Studs Terkel So he says, "Look at me!"

Donald Carroll Of course, and Quentin, I must get Quentin to talk about this. What happens then is that he is sanctified by the very experience of being on television.

Quentin Crisp Oh yes, I, a book, well, is already out in England and will come out in America in the spring, which is called a "How to Become a Virgin", and this of course that you go onto television, whereupon all your sins are taken away.

Donald Carroll Yes. I mean, one can go on television and confess to the most grotesque mass murdering and child molesting, and people will not cross the street to avoid you. Once they see you, they will cross the street to shake your hand and say, "I saw you

Studs Terkel Now we're touching on something else: you have become a celebrity. Well, Quentin Crisp [himself?] in an affirmative way you see, Quentin is known now, and so indeed, you -- no one would even think of putting you down, because he's known once upon a time

Donald Carroll Well, wherever we go, wherever we go, people rush up to him, but not with raised clubs or fists, but to shake his hands.

Studs Terkel As once upon a time. And so you have, now if we look at the shady side of it. You could have a guy say he was the head of a syndicate in Chicago once, now suddenly deceased, Momo Giancana, and Momo's wearing shades and he's sitting in a tavern or in a club where the quote unquote beautiful people are. "You know who that is? That's Momo Giancana." Now the guy was a vile brute in every way involved, he's now dead, and do not speak ill, indeed I do speak ill of him and so, he, but they say, "That's Momo Giancana." "No kidding. What's he say?" This is during the Vietnam War [unintelligible]. He says, "Bomb Hanoi." "Did you hear what he said? 'Bomb Hanoi.'" "Who said it?" "Momo Giancana!" Well, then someone starts taking it seriously.

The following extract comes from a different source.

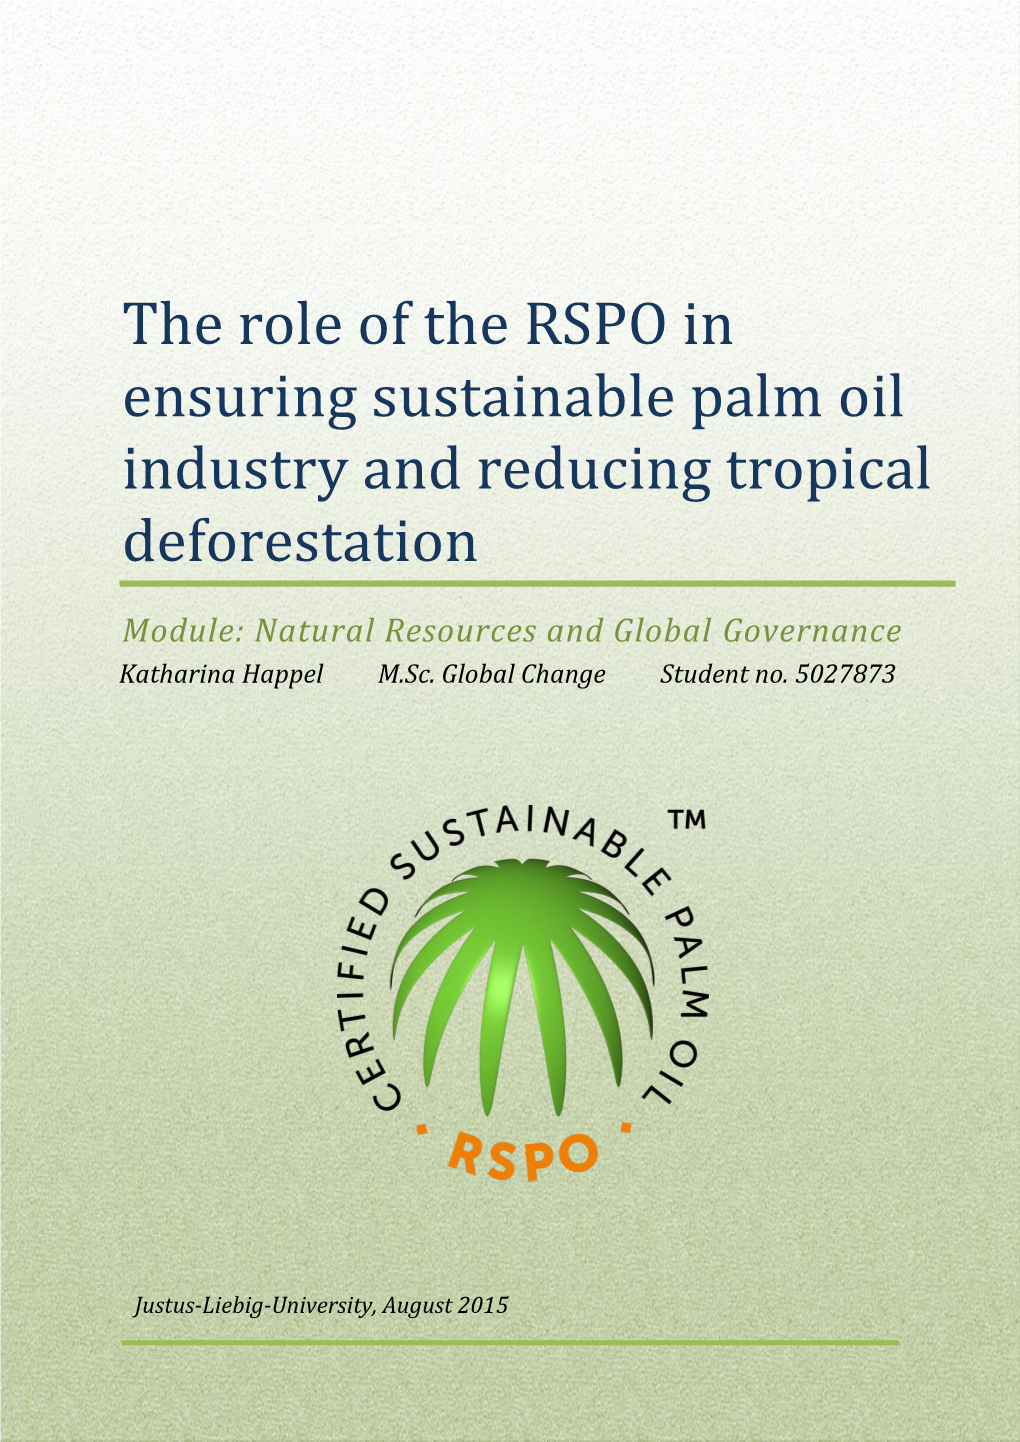 The Role of the RSPO in Ensuring Sustainable Palm Oil Industry and Reducing Tropical Deforestation

Donald Carroll We had a similar experience yesterday in Boston. We were on a television show, and at the end of the show the lady said, "Our guests today have been Donald Carroll and Quentin Crisp. Tomorrow we have a Mafia hit man."

Studs Terkel That's it!

Donald Carroll Really!

Studs Terkel That's we're talking about. So that celebrity has nothing whatsoever to do with style.

Quentin Crisp It is one of the results

Donald Carroll of Success.

Quentin Crisp Style, but it is not the object of style. The object of style is first of all to come to a peaceful relationship with yourself. And I think that Mr. Kaye said "You cannot love 'til you have at least settled for yourself."

Donald Carroll Danny Kaye.

Studs Terkel Oh, Danny Kaye. Oh. All right. So we're talking about style and speech now. Another aspect, style and speech, again it's not -- it's there, I mean everyone wants to read and know, everyone wants to be considered. I think everybody wants to be considered intelligent. Everybody does and tries in one way or another tries to win the respect of another, don't you think so? This is

Quentin Crisp I think people want to be thought to be intelligent. In England people wish not to be thought intellectual, and intelligence, which I take to be the ability to infer results from causes, this they do want to have.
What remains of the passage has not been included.